Jan. 29 (UPI) -- Elon Musk's Grok AI chatbot came last in a study by the Anti-Defamation League looking at how well the leading six so-called Large Language Models performed when it came to detecting and removing anti-Semitic and extremist content.
The xAI chatbot ranked bottom with an overall score of 21 out of a possible 100, compared with 80 scored by Anthropic's Claude, placing Grok in the lowest performance tier, which indicated "substantial limitations" in picking up on areas of bias, ADL said Wednesday.

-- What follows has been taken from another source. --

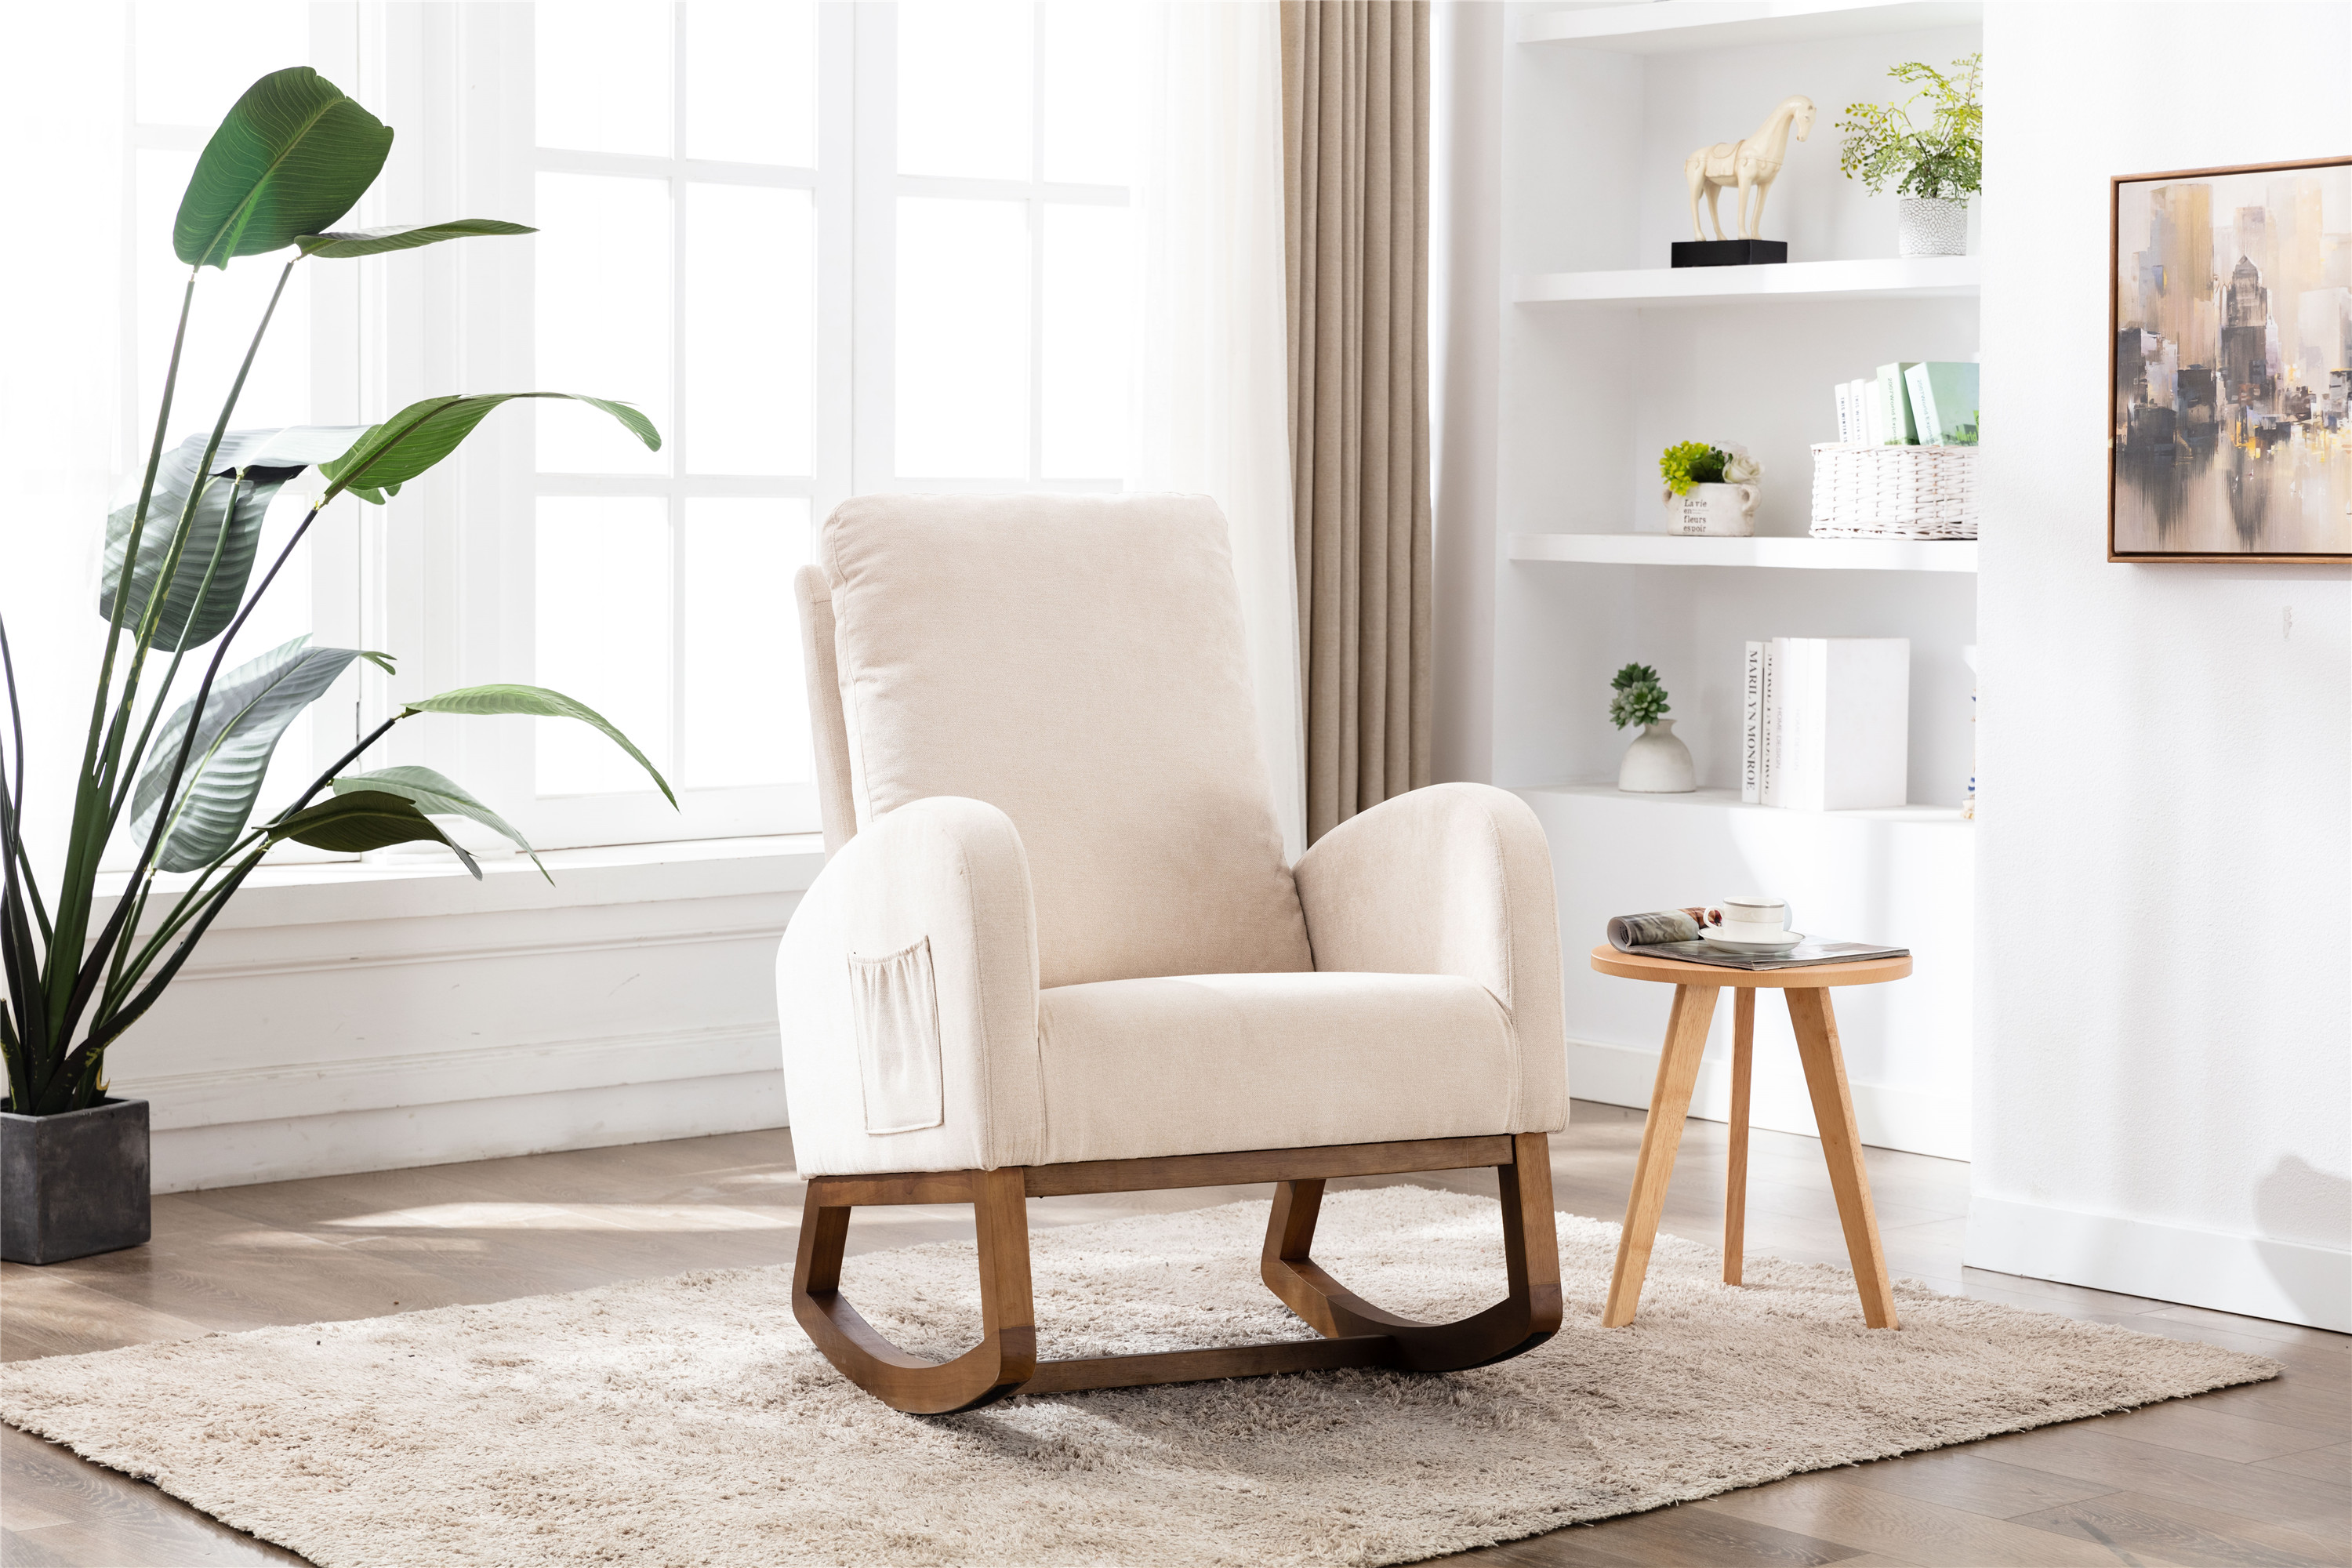 COOLMORE  living  room Comfortable  rocking chair  living room chair Beige-Boyel Living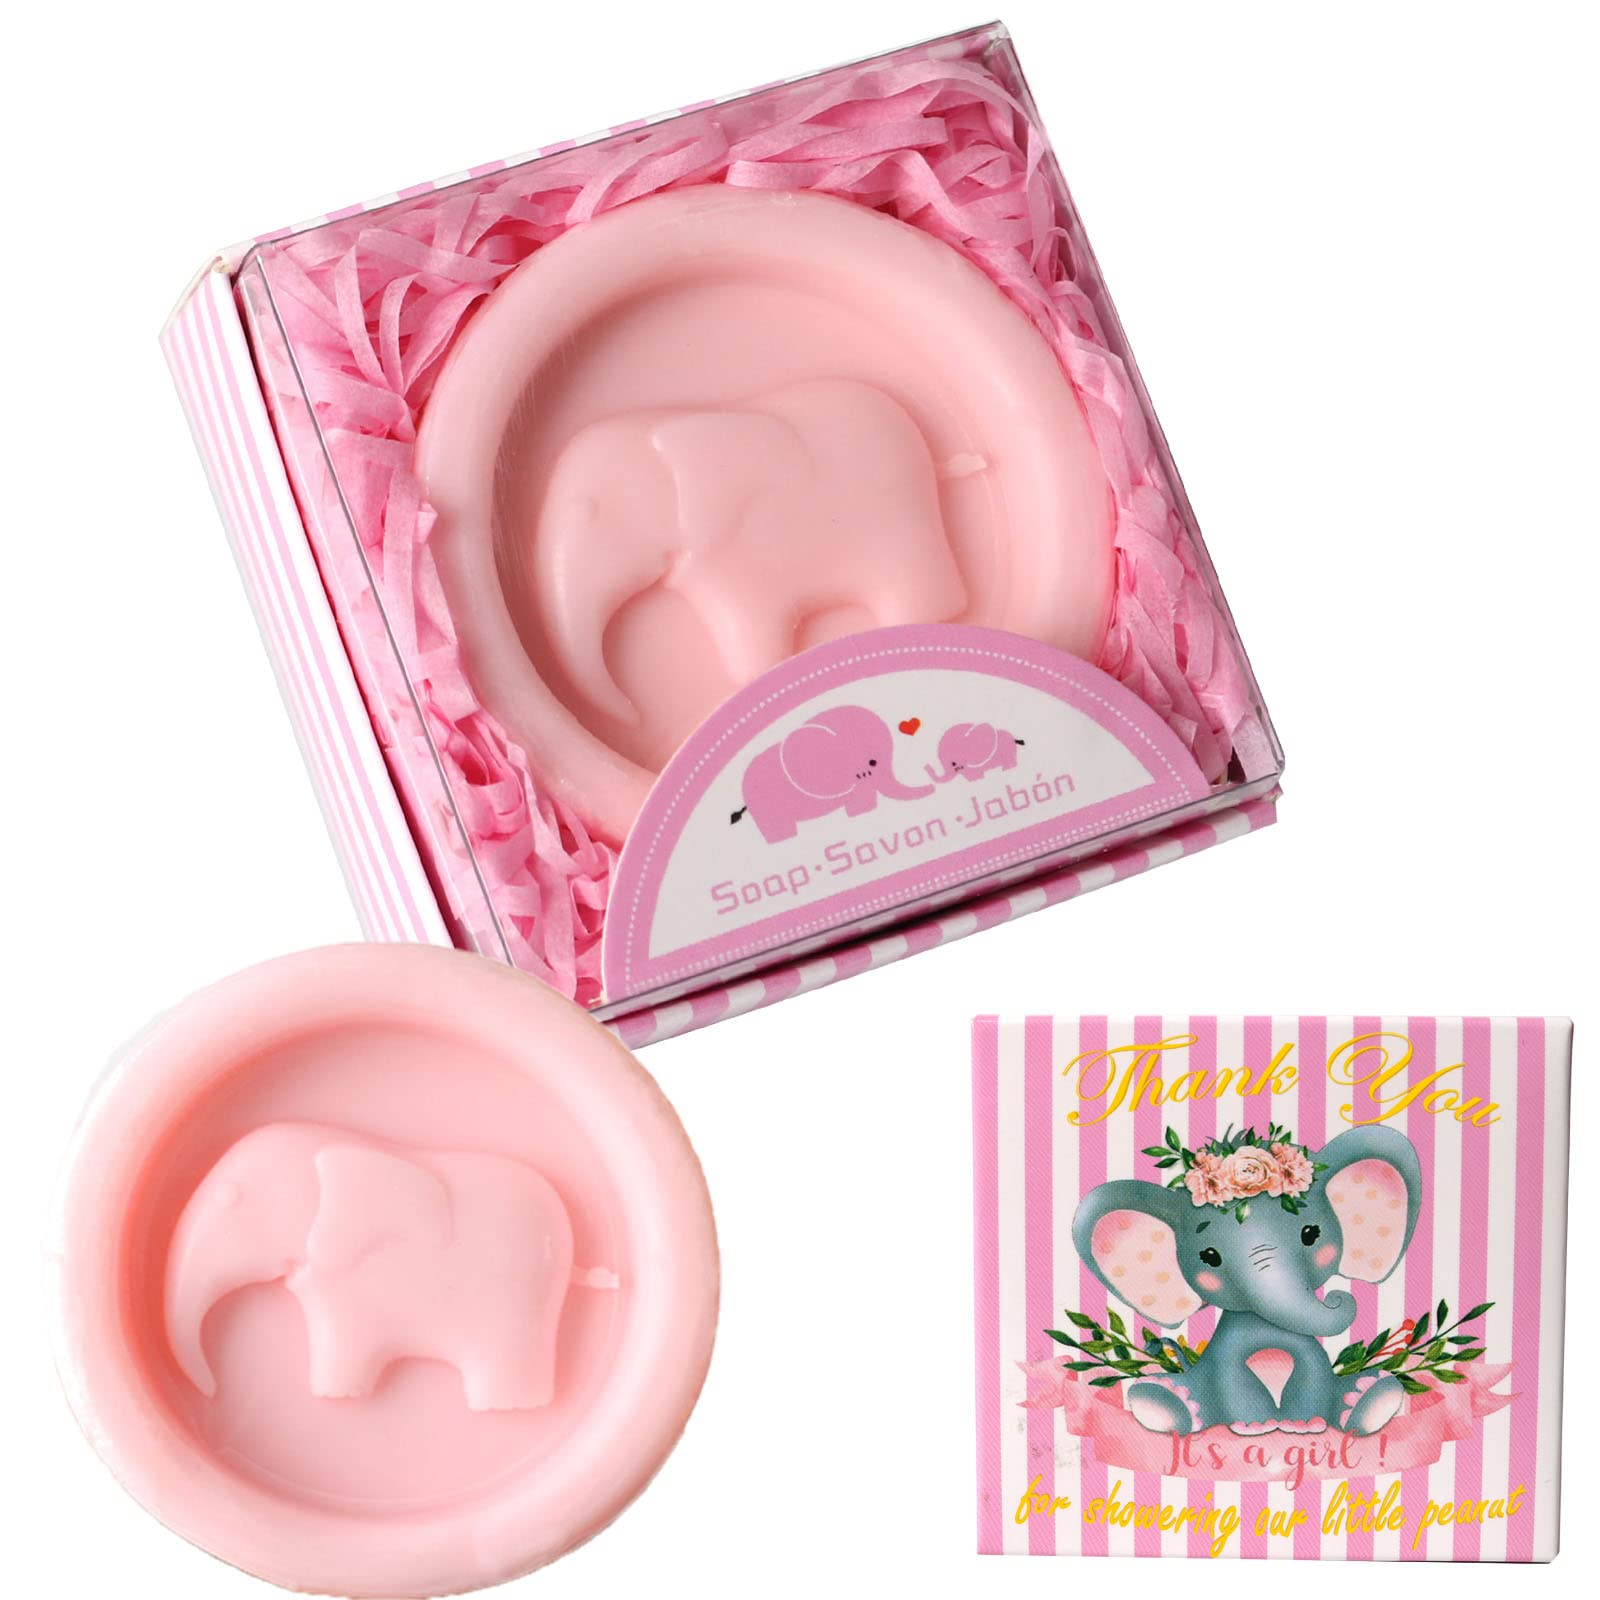 AIXIANg 24 Pack Little Elephant Style Soaps in Pink gift Packaging for Baby Shower Favors

The comparative study separated out "anti-Semitism" into Anti-Jewish bias and Anti-Zionist bias, together with a third "extremist" category, and then evaluated 25,000 LLM chats, 37 topical sub-categories, and assessments by human and AI evaluators to figure out how effective they were at flagging and rebutting "harmful or false theories and narratives."
ADL concluded that while all six AI could do better on flagging and countering damaging or fake theories and statements, Grok would need to make a significant improvement in its bias detection and response on the issues tested to close the 59-point gap with the best-performing LLM.
Grok scored just 25 on anti-Jewish bias, 18 for anti-Zionist bias and 20 on extremist bias, indicating "substantial limitations in bias detection," said ADL's report, which came two days after Brussels launched an investigation into the use of Grok to create sexualized images of women and children.